Dundee researchers develop 'automatic drug designer'
Researchers at the University of Dundee believe a new automated design system could create drugs quicker and cheaper than currently possible.
The scientists have adapted the "Moneyball" approach, which uses the principles of advanced statistical and data analysis to speed up research.
They used a computer to test the evolution of drug molecules and found their predictions to be 75% correct.
The technique could lead to new cheaper and safer treatments for illness.
The University of Dundee researchers are trialling the system on the creation of drugs to treat infectious diseases.
Chair of Medicinal Informatics at Dundee Prof Andrew Hopkins said: "One of the things that makes drug discovery so hard is that you're trying to improve several different properties at the same time.
"Evolution is a mechanism that can be applied to solving these kinds of problems, and the iterative (repeating) process of adaptation and selection of hundreds of thousand of possible solutions can be simulated in a computer.
"We have effectively proved the concept of automated design of new compounds showing that by using algorithms to process massive amounts of data, we can tackle problems of huge complexity."

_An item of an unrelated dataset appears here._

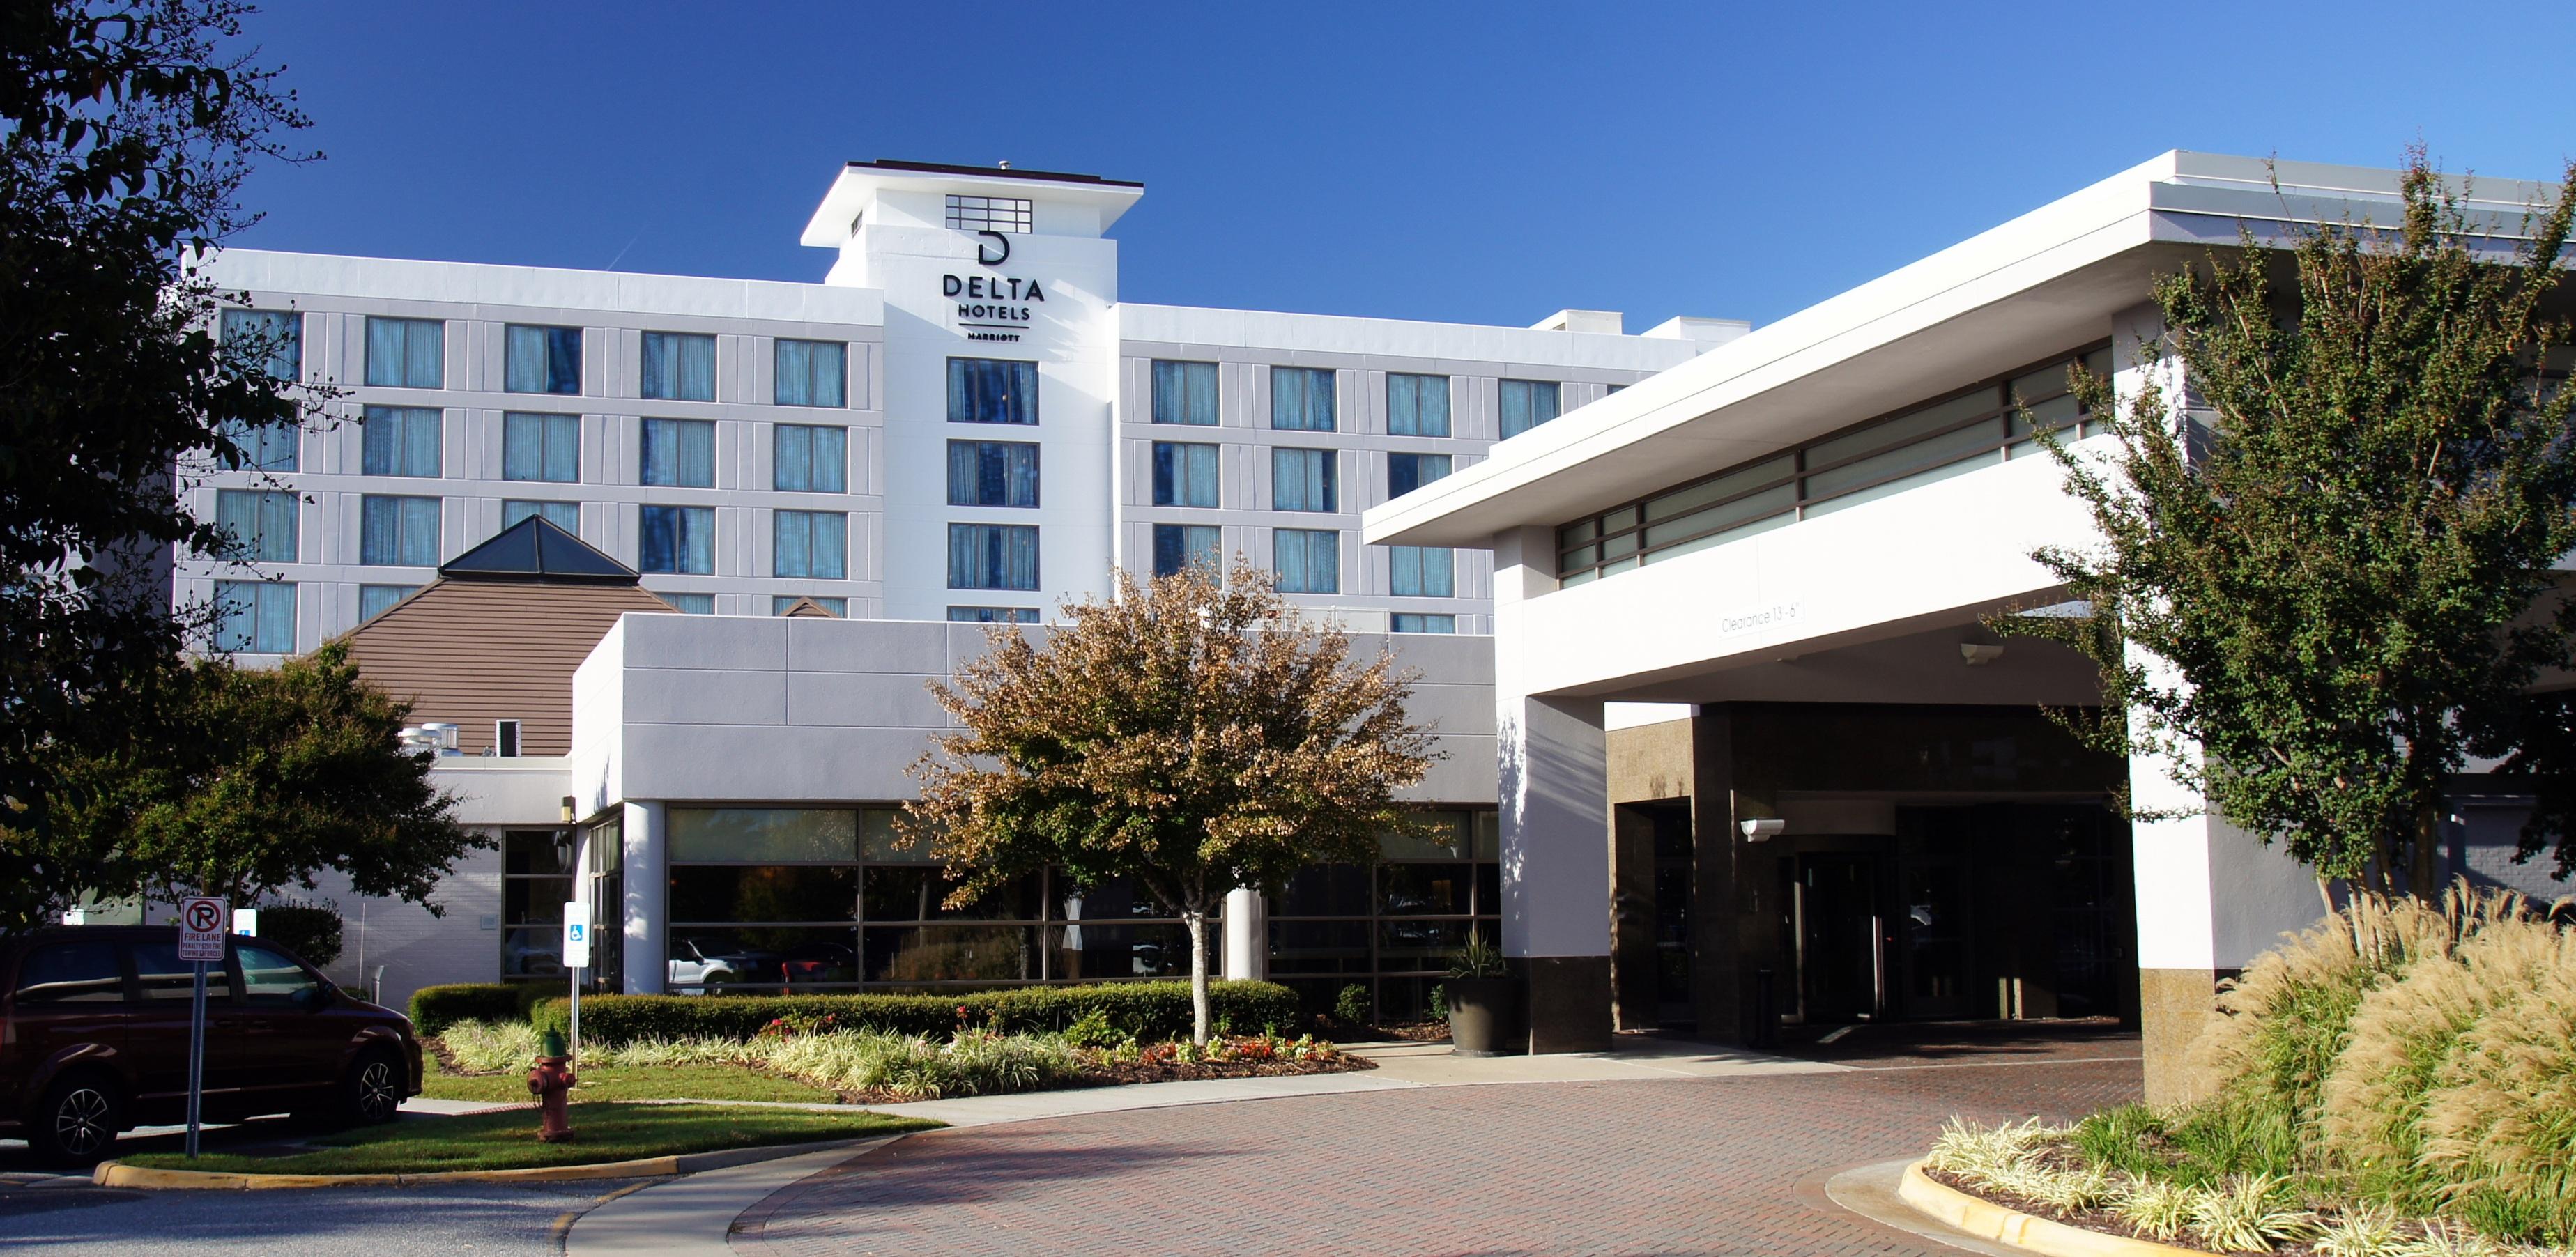 Hotels Near Virginia Beach

Prof Hopkins said there were very real implications from the research.
"Potentially the system could make the process of drug creation more efficient by reducing failure rates in testing and showing chemists which of the potential thousands of solutions would be best-suited to their problem," he added.

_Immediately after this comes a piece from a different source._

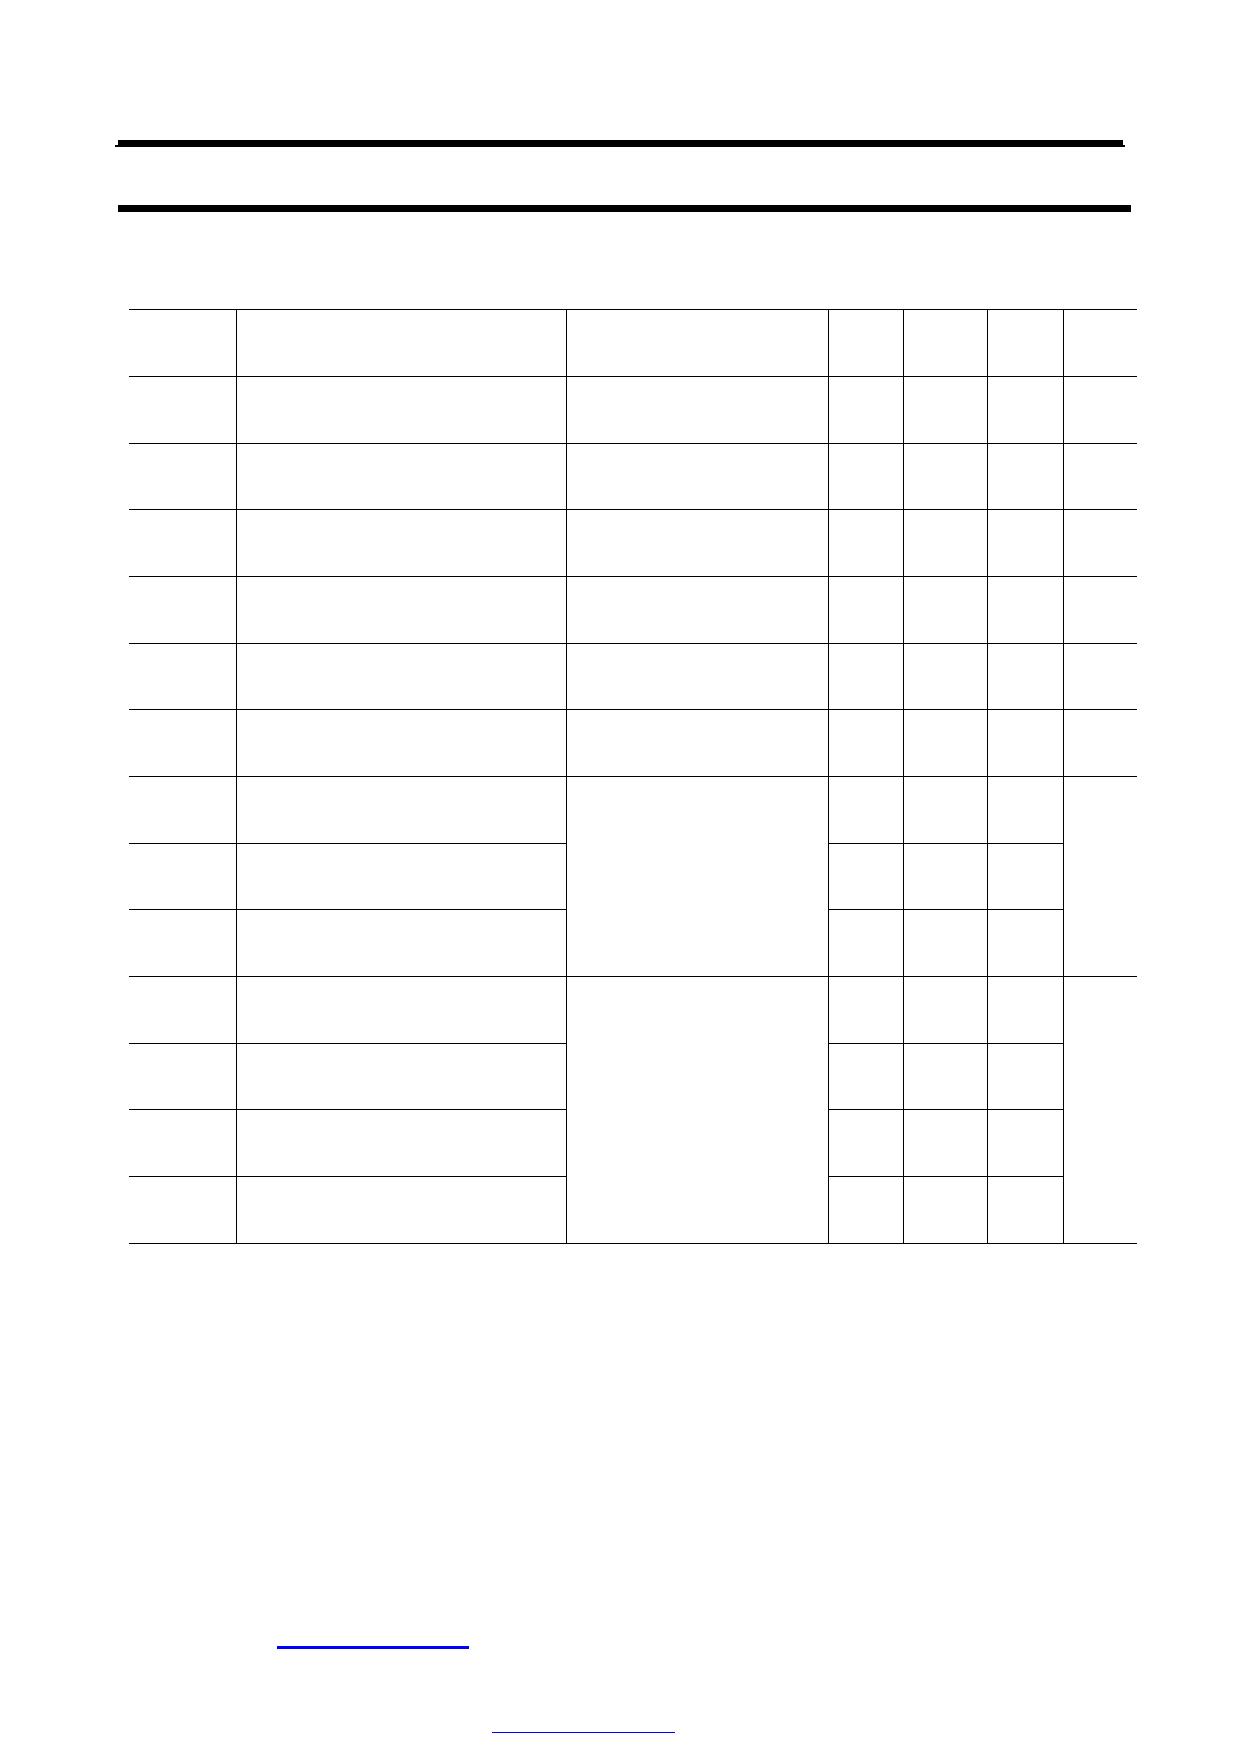 18N50 pdf schematic

"The system mimics the design process of human chemists but runs it on a very large scale at a faster rate."
Prof Hopkins and colleagues used the drug donepezil, used to treat people with Alzheimer's disease, to test the automated system.
He said: "We took the structure of donepezil as a starting point and from there the system evolved its structure over many generations to a variety of different profiles across a range of drug targets.
"The predicted profiles were then tested experimentally and we found that 75% of them were confirmed to be correct.
"This proof of concept shows that we could make significant advances in discovering and designing complex drugs, which could lead to improvements in safety and efficacy, while also potentially reducing the cost of drug discovery which is a high-risk and expensive process."
The research was funded by the Biotechnology and Biological Sciences Research Council and is published in the Nature journal.